Unnamed: 0,country,happiness_score,social_support,healthy_life_expectancy,freedom_of_choices,generosity,perception_of_corruption,world_region,country_name,area,population,literacy
0,afghanistan,2.566900015,0.470366955,52.59000015,0.396573007,-0.0964294,0.933686554,South Asia,afghanistan,647500,31056997,36.0
1,albania,4.882699966000001,0.671070457,68.70813751,0.7819942240000001,-0.042309489,0.896303713,Central and Eastern Europe,albania,28748,3581655,86.5
2,algeria,5.005099773,0.8033851390000001,65.90517426,0.4666109089999999,-0.121105164,0.7354851370000001,Middle East and North Africa,algeria,2381740,32930091,70.0
3,argentina,5.974699974,0.900567949,68.80380249,0.831132412,-0.194913864,0.8420098420000001,Latin America and Caribbean,argentina,2766890,39921833,97.1
4,armenia,4.676799774,0.7574794290000001,66.75065613,0.7120178340000001,-0.13877961,0.7735447879999999,Commonwealth of Independent States,armenia,29800,2976372,98.6


In [92]:
for idx, row in country_features[country_features.literacy=='100,0'].iterrows():
    print("{} - {} ({})".format(row.world_region, row.country, row.happiness_score))

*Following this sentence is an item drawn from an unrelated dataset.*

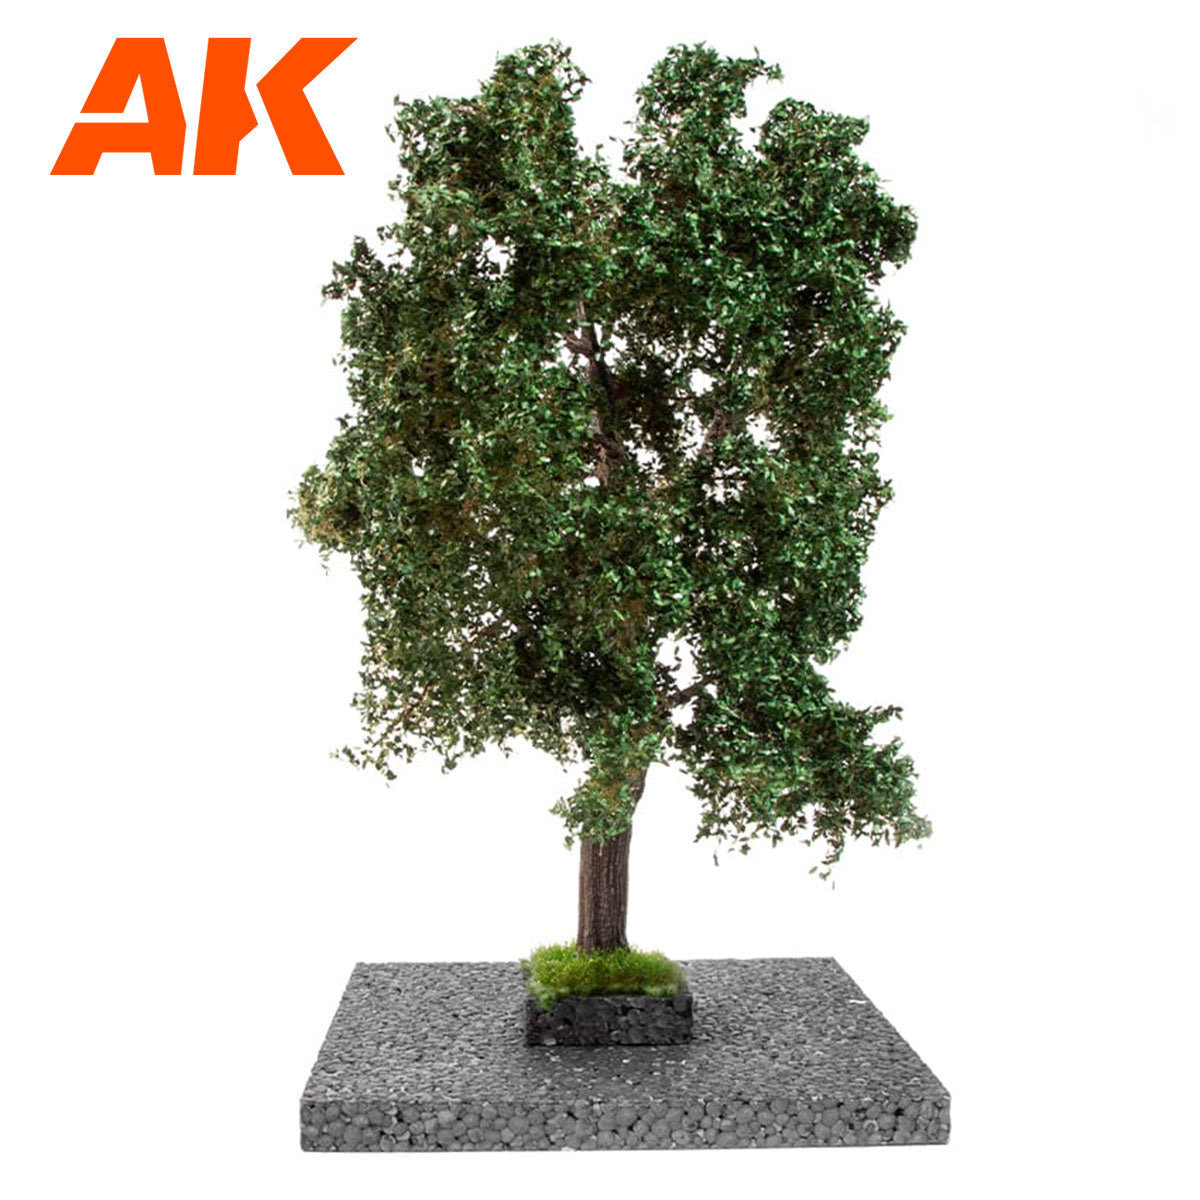 AK8192 - Oak Summer Tree 1:35 and 1:32

What is the global average?

In [93]:
country_features.literacy.mean()

81.85112781954886

Calculate the proportion of countries with a literacy level below 50%. Print the value in percentage, formatted with 2 decimals.

In [96]:
percentage = len(country_features[country_features.literacy<50])/len(country_features)
print("Percentage of countries with literacy level < 50%: {:.2%}".format(percentage))

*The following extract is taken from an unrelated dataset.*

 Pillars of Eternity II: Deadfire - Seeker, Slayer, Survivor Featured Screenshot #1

Percentage of countries with literacy level < 50%: 11.85%


Print the raw number and the percentage of world population that is illiterate.

In [97]:
illiterate_people = country_features.population * (100 - country_features.literacy)/100
illiterate_fraction = illiterate_people.sum() / country_features.population.sum()

print("Illiterate people: {:.0f} ({:.2%})".format(illiterate_people.sum(), illiterate_fraction))

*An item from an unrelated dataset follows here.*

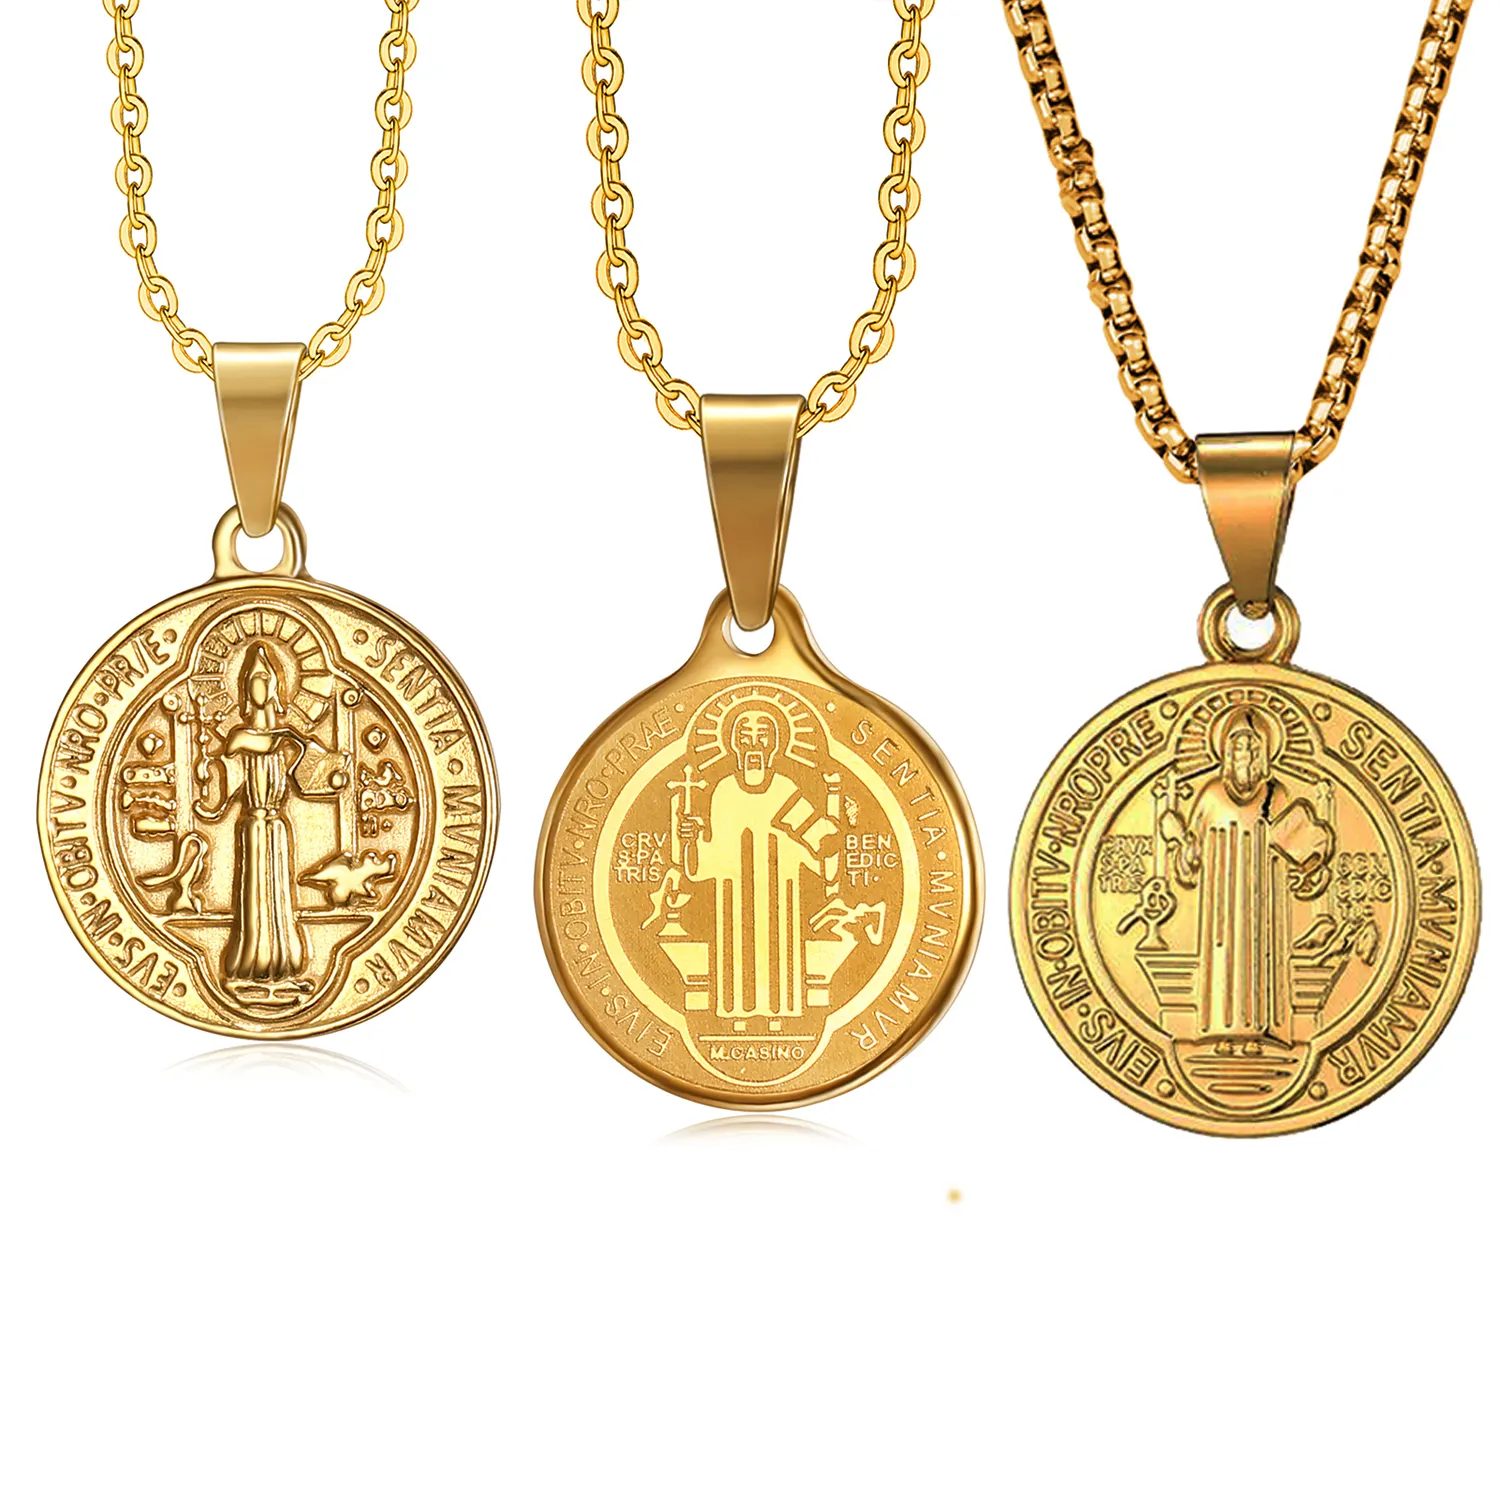 18K oro San Benito medalla collar de acero inoxidable cristiano Cruz católica diseño collar protección joyería para hombres mujeres

Illiterate people: 1249372988 (20.33%)


## Task 5: Population density

Add to the dataframe a new field called *population_density* computed by dividing *population* by *area*.

In [None]:
# Write your code here

What is the happiness score of the 3 countries with lowest population density?

In [None]:
# Write your code here

## Task 6: Healty and happy?

Plot in scatter plot the happiness score (x) and healty like expectancy (y).

In [None]:
# Write your code here

Feel free to continue the exploration of the dataset! We'll release the solutions next week.

----
Enjoy EPFL and be happy, next year Switzerland must be #1.